Earlier in this chapter we discussed a zinc-copper cell. This was made up of a zinc half-cell, containing a zinc electrode and a zinc(II) sulphate (\(\text{ZnSO}_{4}\)) electrolyte solution, and a copper half-cell, containing a copper electrode and a copper(II) sulphate solution.

Half-cell

A half-cell is a structure that consists of a conductive electrode surrounded by a conductive electrolyte.

In each half-cell a half-reaction takes place:

  • Copper plate

    At the copper plate, there was an increase in mass. This means that \(\text{Cu}^{2+}\) ions from the copper(II) sulfate solution were deposited onto the plate as atoms of copper metal. The half-reaction that takes place at the copper plate is:

    \(\text{Cu}^{2+}(\text{aq}) + 2\text{e}^{-}\) \(\to\) \(\text{Cu}(\text{s})\)

    As electrons are gained by the copper ions this is the \(\color{red}{\textbf{reduction half-reaction}}\).

  • Zinc plate

    At the zinc plate, there was a decrease in mass. This means that some of the solid zinc goes into solution as \(\text{Zn}^{2+}\) ions. The electrons remain on the zinc plate, giving it a negative charge. The half-reaction that takes place at the zinc plate is:

    \(\text{Zn}(\text{s})\) \(\to\) \(\text{Zn}^{2+}(\text{aq}) + 2\text{e}^{-}\)

    As electrons are lost by the zinc atoms this is the \(\color{blue}{\textbf{oxidation half-reaction}}\).

  • The overall reaction

    You can then combine the two half-reactions from these two half-cells to get the overall reaction:

    \(\color{blue}{\text{Zn(s)}} + \color{red}{\text{Cu}^{2+}\text{(aq)}} + \color{red}{\text{2e}^{-}} \to \color{blue}{\text{Zn}^{2+}\text{(aq)}} + \color{red}{\text{Cu(s)}} + \color{blue}{\text{2e}^{-}}\) or, if we cancel the electrons:

    \(\color{blue}{\text{Zn(s)}} + \color{red}{\text{Cu}^{2+}\text{(aq)}} \to \color{blue}{\text{Zn}^{2+}\text{(aq)}} + \color{red}{\text{Cu(s)}}\)

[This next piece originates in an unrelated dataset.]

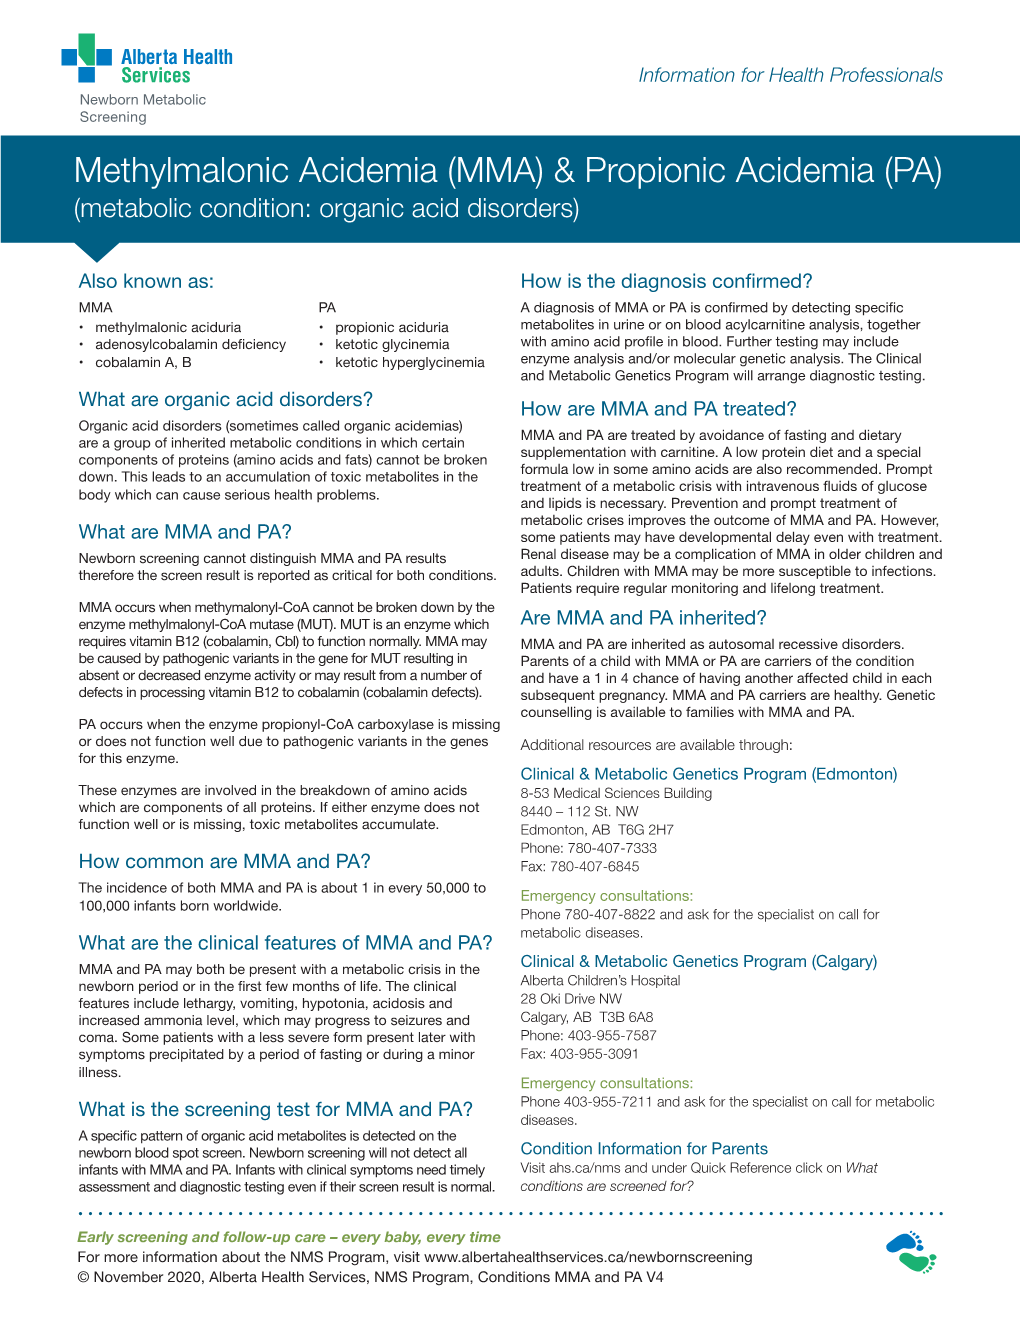 Methylmalonic Acidemic (MMA) & Propionic Acidemia (PA)

It is possible to look at the half-reaction taking place in a half-cell and determine which electrode is the anode and which is the cathode.

  • \(\color{blue}{\textbf{Oxidation}}\) is loss at the \(\color{blue}{\textbf{anode}}\), therefore the oxidation half-reaction occurs in the half-cell containing the anode.

  • \(\color{red}{\textbf{Reduction}}\) is gain at the \(\color{red}{\textbf{cathode}}\) so the reduction half-reaction occurs in the half-cell containing the cathode.

Remember that for an electrochemical cell the standard cell notation is:

\(\color{blue}{\textbf{Zn(s)}}\)\(|\)\(\color{blue}{\textbf{Zn}^{2+}\textbf{(aq)}}\)\(||\)\(\color{red}{\textbf{Cu}^{2+}\textbf{(aq)}}\)\(|\)\(\color{red}{\textbf{Cu(s)}}\)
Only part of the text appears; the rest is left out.